8.1 The BOOT generally/approach to loaded rates

[31] A “basic rule” provided for by s.186(1) and (2) of the Act is that before the Commission may approve an enterprise agreement it must be satisfied that the agreement passes the BOOT. In turn s.193(1) of the Act provides that a non-greenfields agreement passes the BOOT in the following circumstances;

“(1) An enterprise agreement that is not a greenfields agreement passes the better off overall test under this section if the FWC is satisfied, as at the test time, that each award covered employee, and each prospective award covered employee, for the agreement would be better off overall if the agreement applied to the employee than if the relevant modern award applied to the employee.”

[32] The 2018 Agreement is a loaded rates agreement, with rates “calculated to provide the employees the greatest benefits during the period Monday to Friday, where the bulk (approximately 75%) of the total number of shifts are worked”. 33 Each party accepted the principles established in Re Loaded Rates Agreements34 required application in this case.35 Relevant to assessment of the BOOT generally, as well as to the specific matters requiring consideration in this decision, the Full Bench in that matter summarised the Commission’s task as follows;

“[100] There are two well-established propositions concerning the application of the BOOT which may be derived from previous Full Bench decisions. The first, which is essentially a restatement of s 193(1), is that the BOOT requires a finding that each award covered employee and prospective employee would be better off under the agreement than under the relevant modern award. 36 The requirement that “each” such employee and prospective employee be better off overall is a rigorous one. The ordinary meaning of “each” is “every, of two or more considered individually or one by one”.37 Thus, every award covered employee or prospective employee must be better off overall, with the corollary that if any such employee is not better off overall, the relevant enterprise agreement does not pass the BOOT. Thus, in an agreement containing loaded rates in whole or partial substitution for award penalty rates, it is not sufficient that the majority of employees - even a very large majority - are better off overall if there are any employees at all who would not be better off overall.

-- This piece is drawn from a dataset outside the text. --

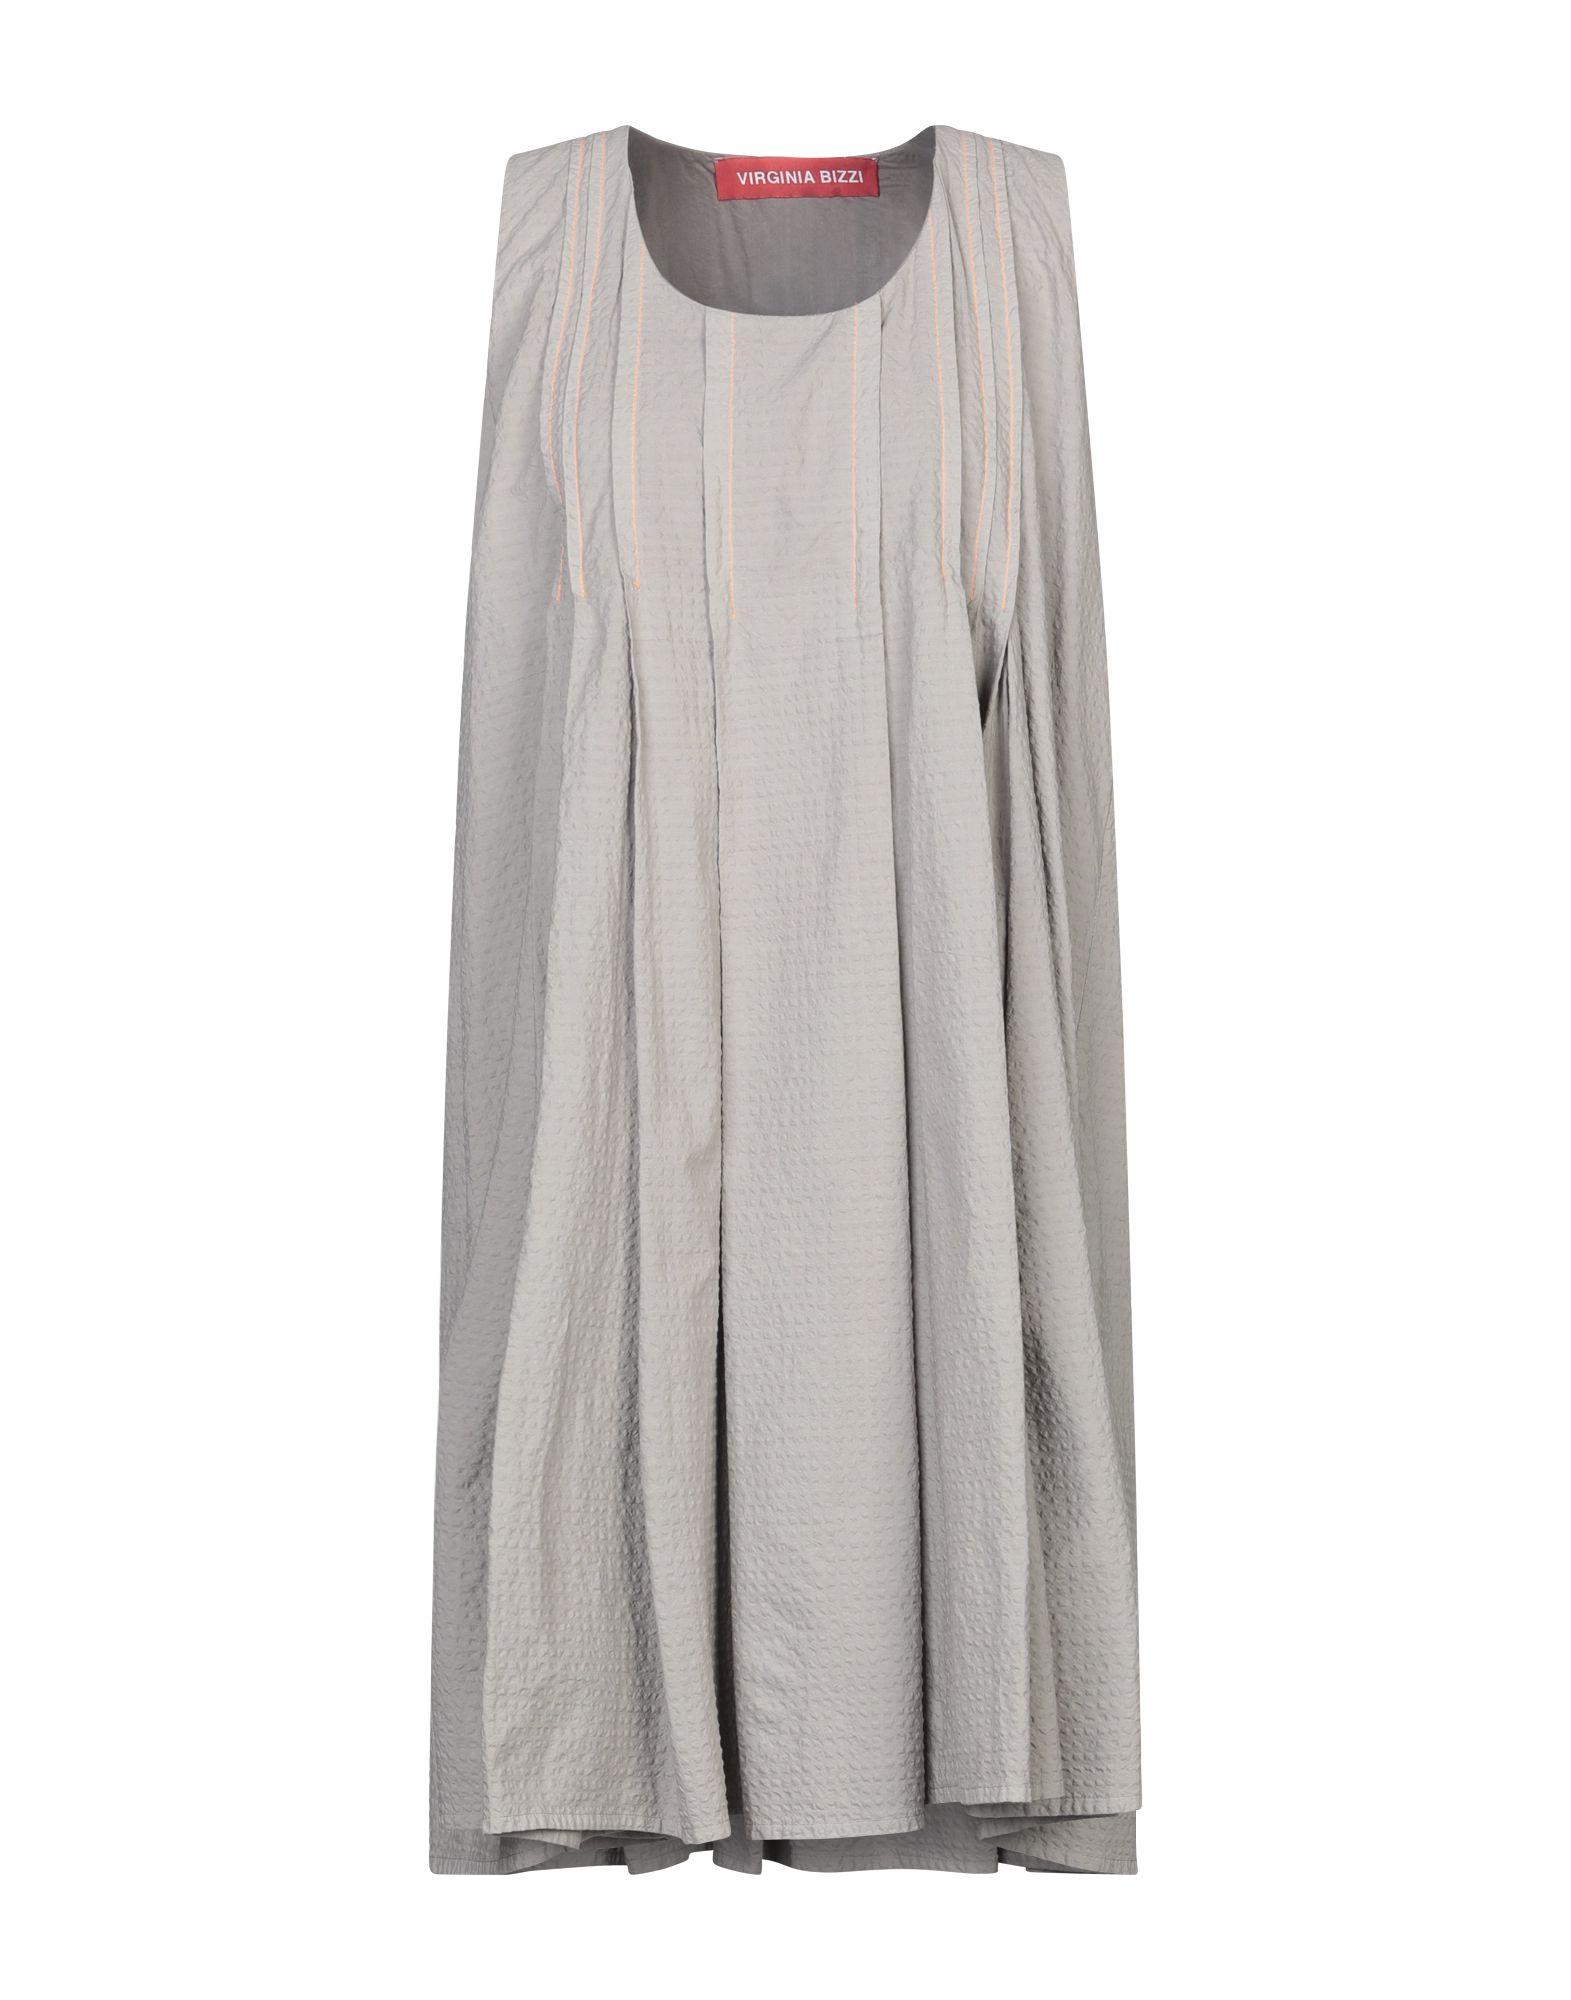 VIRGINIA BIZZI Короткое платье

[101] In the case of anything other than small employers, it would be an exhaustive task to examine the circumstances of each individual employee to reach a state of satisfaction that the BOOT is passed. Section 193(7) substantially relieves the Commission of this burden by permitting it to assume, if a class of employees to which a particular employee belongs would be better off under the agreement than under the relevant modern award, that the employees would be better off overall in the absence of evidence to the contrary. Paragraph 818 of the Explanatory Memorandum to the Fair Work Bill 2008 contains some information as to how this provision was envisaged to operate as follows (emphasis added):

“818. Although the better off overall test requires FWA to be satisfied that each award covered employee and each prospective award covered employee will be better off overall, it is intended that FWA will generally be able to apply the better off overall test to classes of employees. In the context of the approval of enterprise agreements, the better off overall test does not require FWA to enquire into each employee's individual circumstances.

Illustrative example

Moss Hardware and Garden Supplies Pty Ltd makes an enterprise agreement to cover approximately 1800 employees working at its national chain of retail garden and hardware supplies outlets. All of these employees are 'award covered employees'. The seven classifications under the agreement broadly correlate to seven classifications under the relevant modern award. Because there will be many employees within each classification under the agreement and the agreement affects each employee within a classification in the same way, FWA could group employees together when assessing the employees against the better off overall test. It is intended that FWA could assess a hypothetical employee in each of the classifications under the agreement against the relevant classification under the modern award.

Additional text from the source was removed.